Character data is now encoded into the avatar for the character, (public/characters) and chats are stored in public/chats. You can delete folders for past characters.

Less bloated option

You can run oobabooga's web UI for a less bloated alternative to Kobold and Tavern. The tutorial for this is already extensive on the page, so visit it if you want to use it instead. If you do use this option, skip to installing the model to see how to get the beta model downloaded.

Main tutorial

Installing Kobold and Tavern

  1. Install CUDA or ROCm through your distro. I'm sure you can figure this out by googling. If you want to run off CPU (it will take forever to gen but whatever floats your boat) you can ignore this step.
  2. Create a directory for pygmalion wherever you want. In my case I have a directory just called "Pygmalion"
  3. In the directory, git clone https://github.com/henk717/KoboldAI. We use this fork by henk because it's very up to date, works better, and has Pygmalion as an option to select (if you want to use an older pyg model).
  4. Also git clone https://github.com/TavernAI/TavernAI. The example start script will automatically try to pull the newest release of both Kobold and Tavern every time you start, so don't worry about having to manually update. If you are stubborn and don't want to use the start script, write it yourself.
  5. Run npm install in the TavernAI directory - ensure you have node installed, you can get it through your package manager. Node is required for Tavern to run. If you don't want to use Tavern and just want to use Kobold, you can ignore this.
  6. Ensure you have a newer version of python installed. Python is required for Kobold to run. Kobold comes with it's own install of miniconda, so your system python version should be irrelevant.

Useful run scripts

Here are some scripts to start and stop both kobold and tavern at once. Place these in the root directory where you cloned both kobold and tavern. Note that my start script assumes ROCm, instead call play.sh (same parameters) if you use CUDA or CPU mode.
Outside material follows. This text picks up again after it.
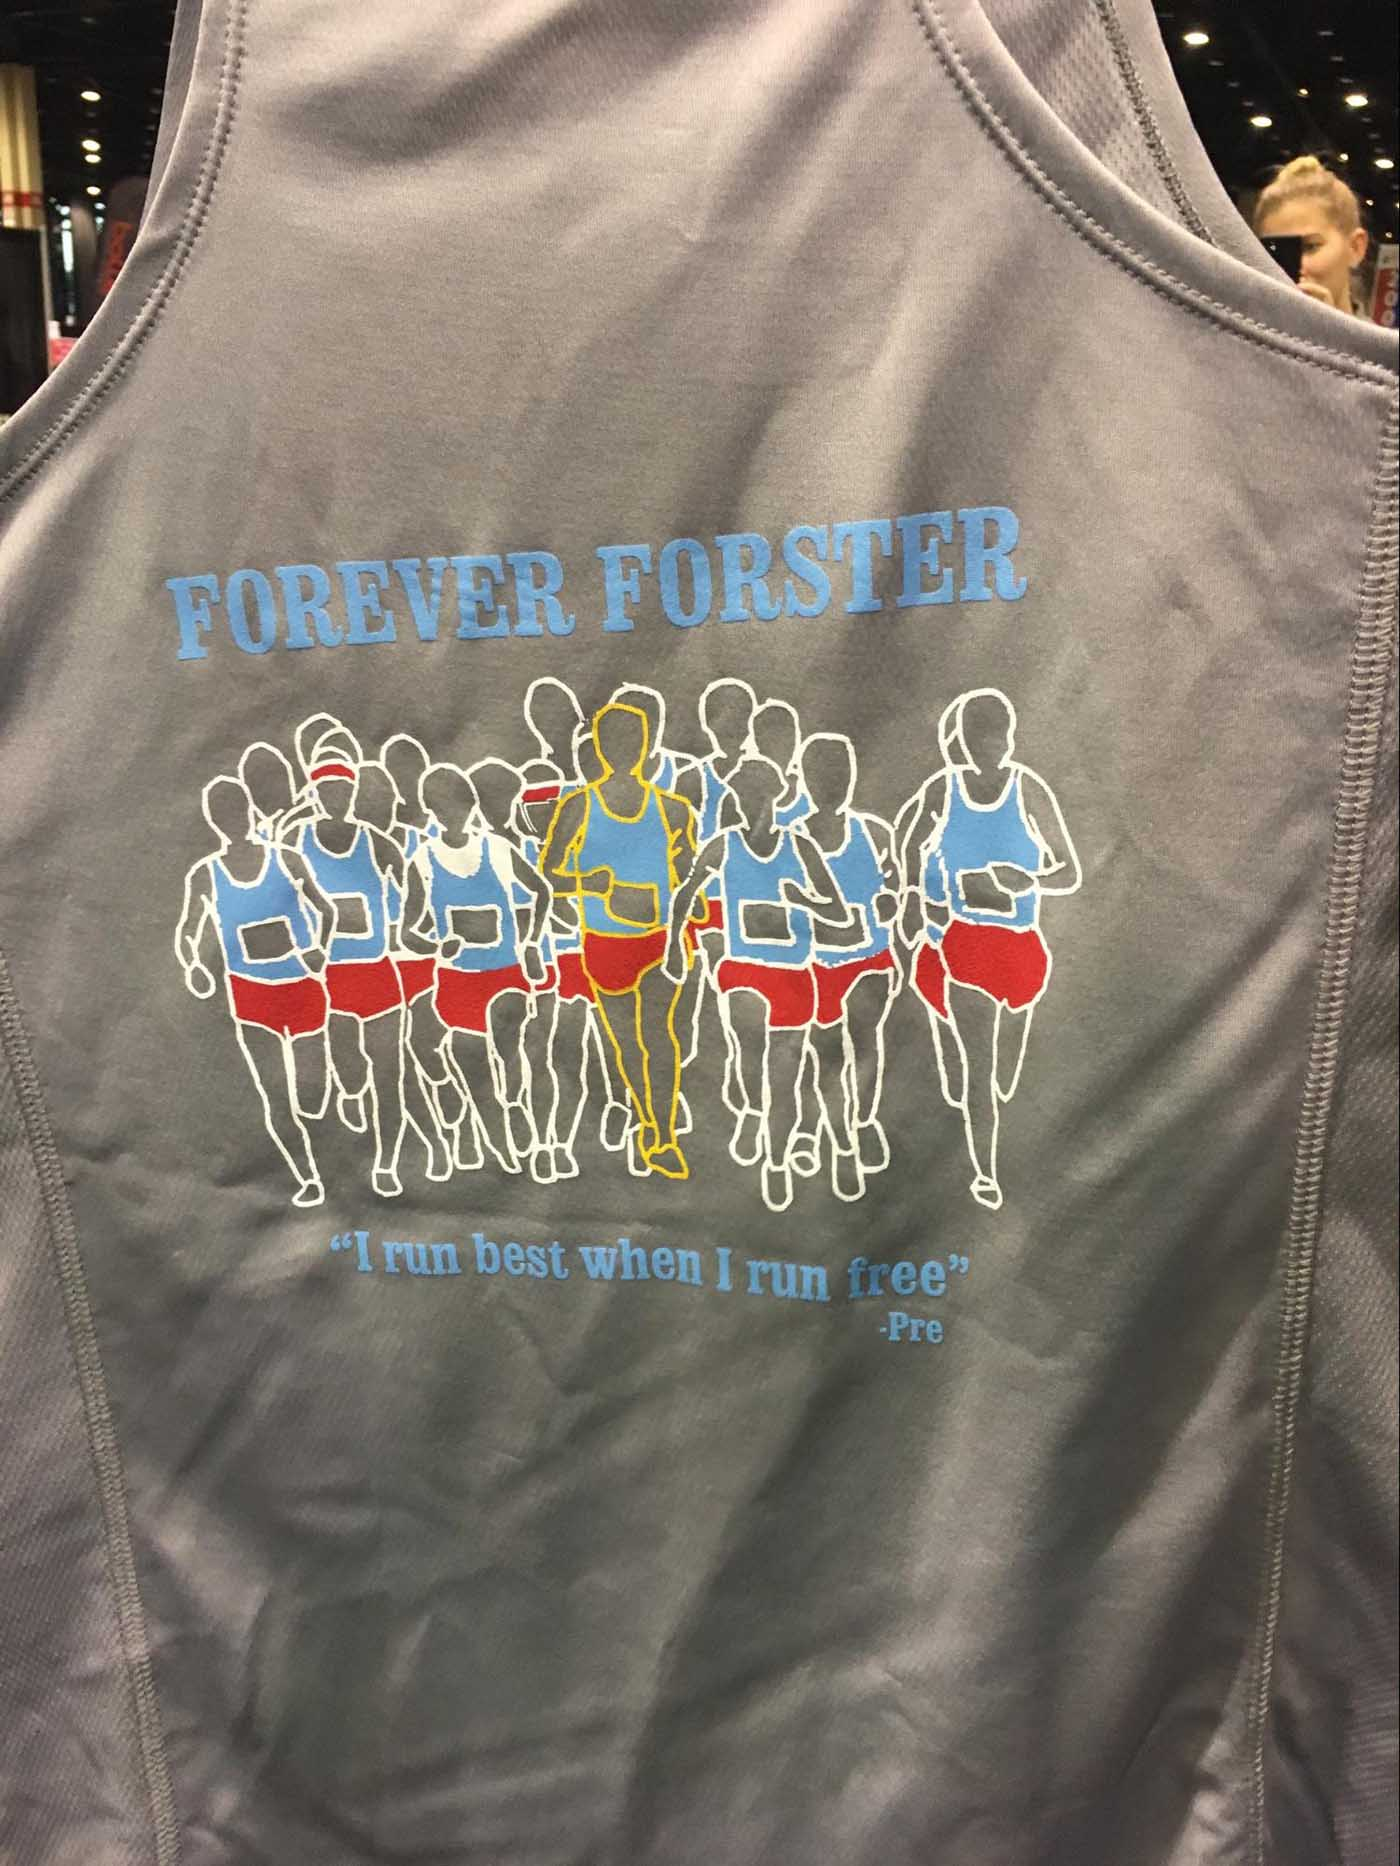 asweatlife_chicago-marathoners-honor-a-fallen-friend_3

The following script will automatically update both kobold and tavern each time you start, and pull a new pygmalion model if there is one available. If you don't want to pull each time, remove the --cacheonly parameter. If you want to use the dev branch instead of the main one, change the revision from main to dev. If you ever get an issue with pulling the latest due to a settings file conflict you'll have to manually resolve it, and if there's ever a dependency error rerun npm install.
start.sh

1
2
3
4
5
6
cd KoboldAI
git pull &
source play-rocm.sh --model PygmalionAI/pygmalion-6b --revision main --cacheonly &
cd ../TavernAI
git pull &
node server.js &

The following script will stop all currently running kobold and tavern processes. If you ever need to stop kobold and tavern, ctrl + c in the terminal and then run this script. Otherwise, you won't be able to start them back up again. Please actually read what the stop script does and ensure you don't have anything else on your machine running that matches these (you can use pgrep -f "<value>" to check).
stop.sh

pkill -9 -f "node server"
pkill -9 -f "aiserver"

Running Kobold and Tavern

  1. Once you have all of the above, run your start.sh (or however you want to call kobold and tavern). Kobold may or may not open a browser tab automatically, if not just navigate to localhost:5000 in your browser (it should spit this url out in terminal as well).
  2. Once you are in the Kobold window, if you are using the same parameters in the start script, Kobold will automatically download (if it's not already downloaded) and then load the model onto your GPU. Check the terminal to see which GPU it's loading onto. If it doesn't detect your GPU, it will say that it's loading into CPU only mode. This means your CUDA/ROCm installation is fucked up or not supported. If you didn't want to use the most recent pygmalion version, here is where you would manually select it (go to AI and then either Chat Models -> Pygmalion 6b if using old pyg, or Load a model from it's directory -> pygmalion-6b if you downloaded the beta manually.)
  3. Once it is finished downloading and loading model tensors, you can navigate to Tavern which should be on localhost:8000 by default (also in terminal once Tavern is launched). In Tavern, click the menu on the right, then go to settings and add the Kobold URL. If you have it hosted on another URL or port, compensate for it here. Otherwise, the default of http://127.0.0.1:5000/api should be sufficient.
  4. Change "Preset settings" to Classic-Pygmalion-6b
  5. Happy hunting!

Updating Kobold and Tavern

If you ever run into errors, here are some things to check.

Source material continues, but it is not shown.